[Source data]
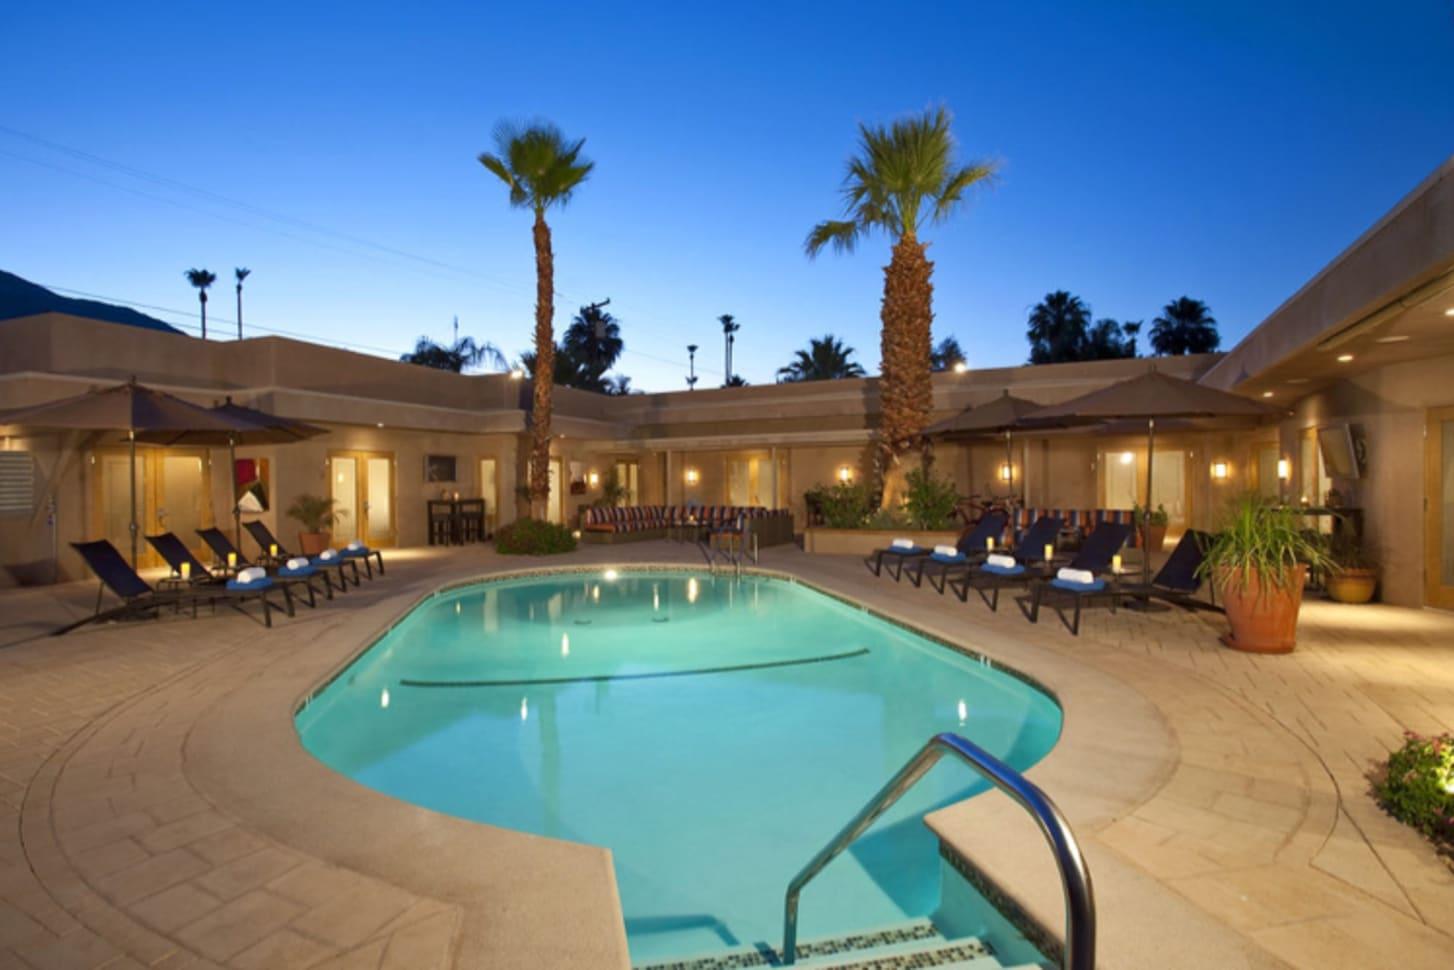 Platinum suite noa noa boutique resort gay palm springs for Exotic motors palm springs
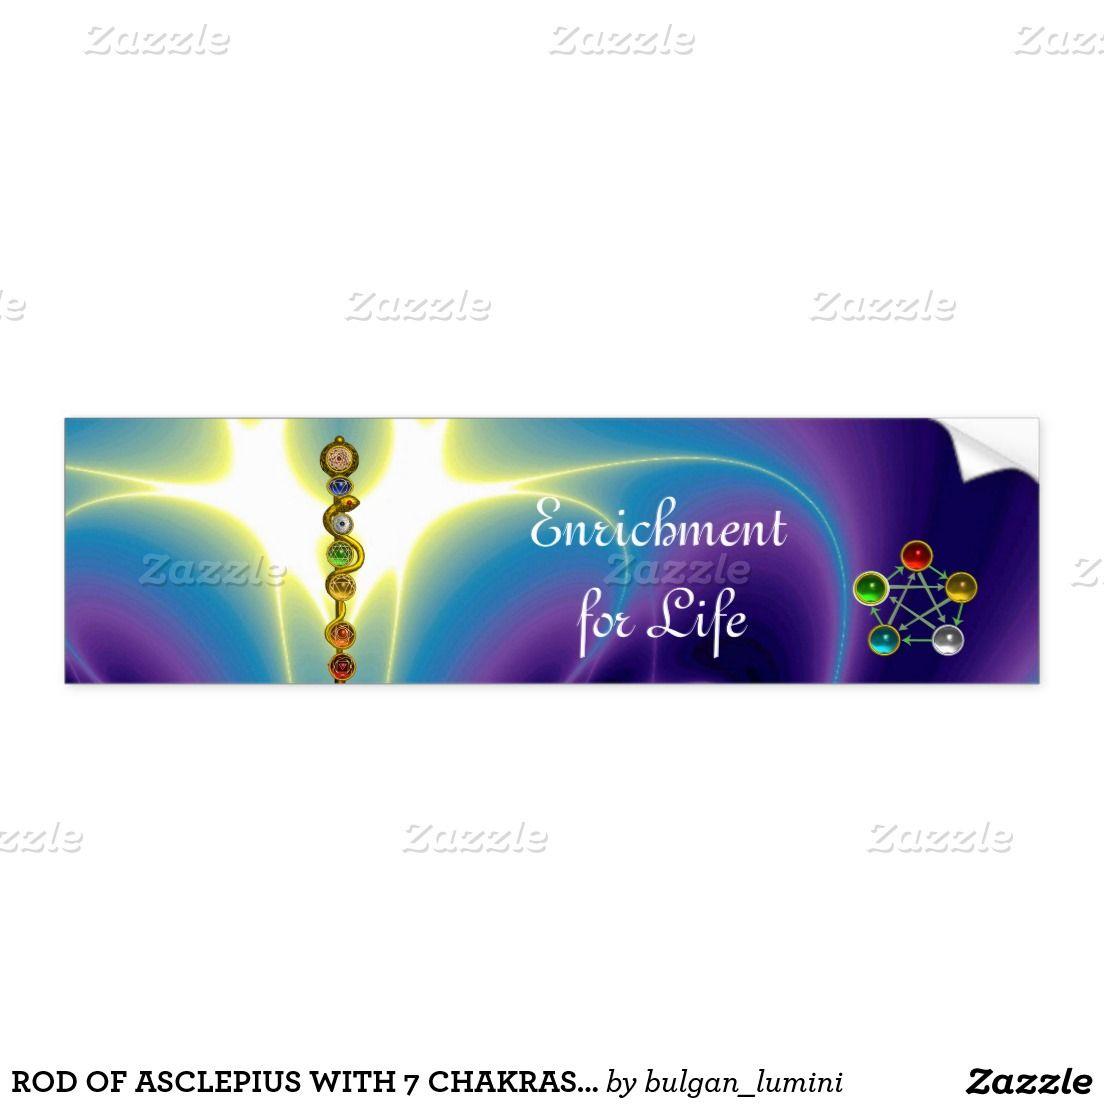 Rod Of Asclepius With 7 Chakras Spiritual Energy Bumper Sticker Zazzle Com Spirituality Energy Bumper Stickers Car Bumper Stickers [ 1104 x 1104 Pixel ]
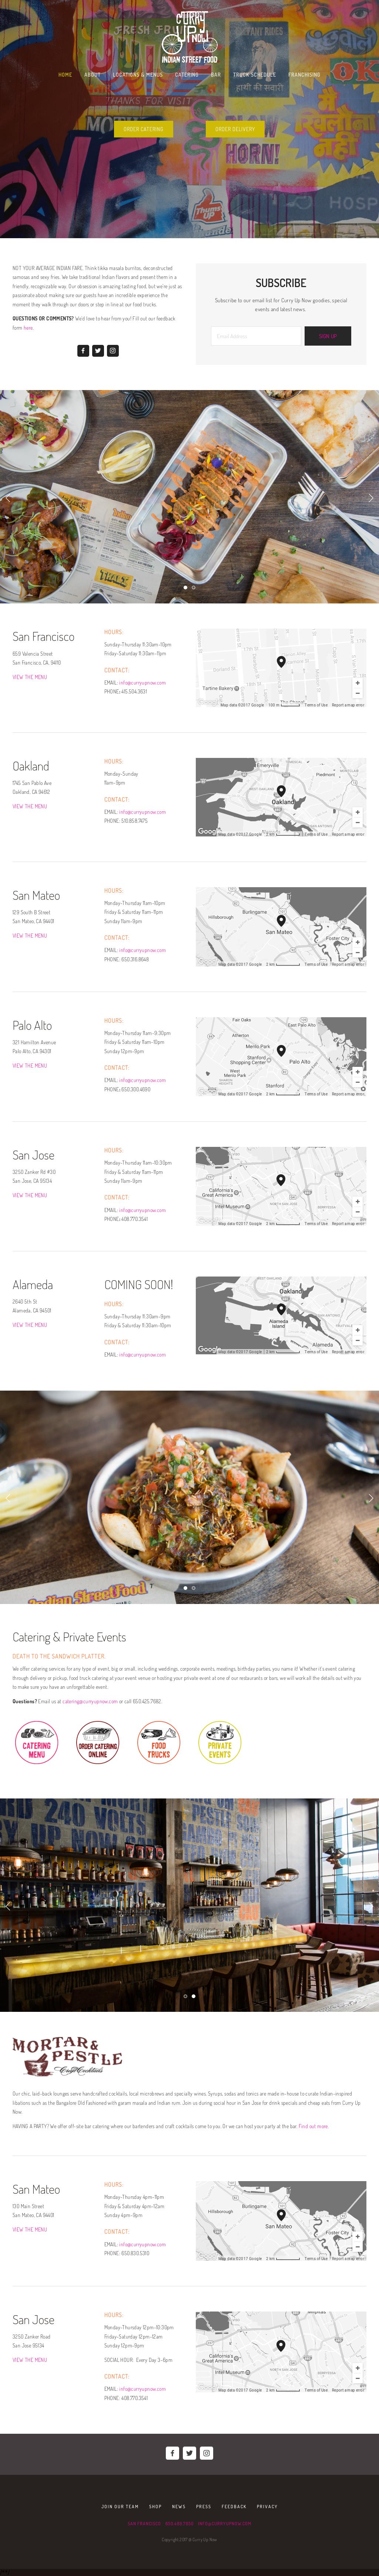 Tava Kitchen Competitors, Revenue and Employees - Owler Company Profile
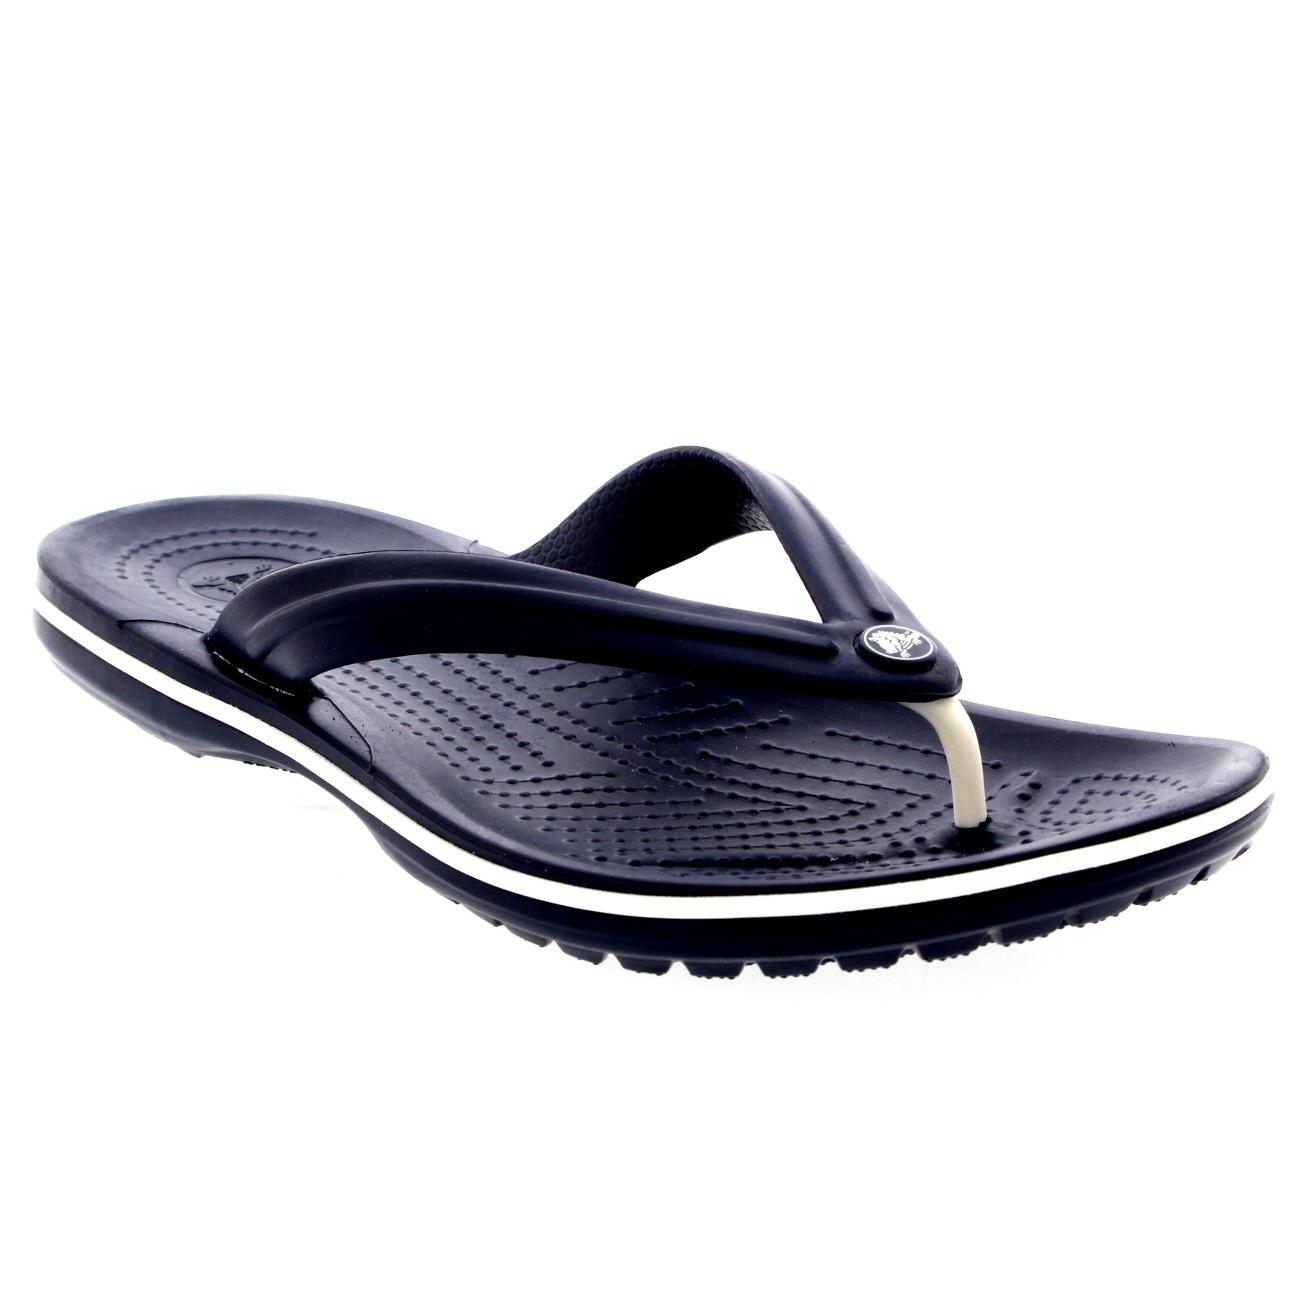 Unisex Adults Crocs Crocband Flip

[Aim of the exercise]
Where images occur in the data above, leave them out and repeat everything else exactly.

[Solution below]
 Platinum suite noa noa boutique resort gay palm springs for Exotic motors palm springs
 Rod Of Asclepius With 7 Chakras Spiritual Energy Bumper Sticker Zazzle Com Spirituality Energy Bumper Stickers Car Bumper Stickers [ 1104 x 1104 Pixel ]
 Tava Kitchen Competitors, Revenue and Employees - Owler Company Profile
 Unisex Adults Crocs Crocband Flip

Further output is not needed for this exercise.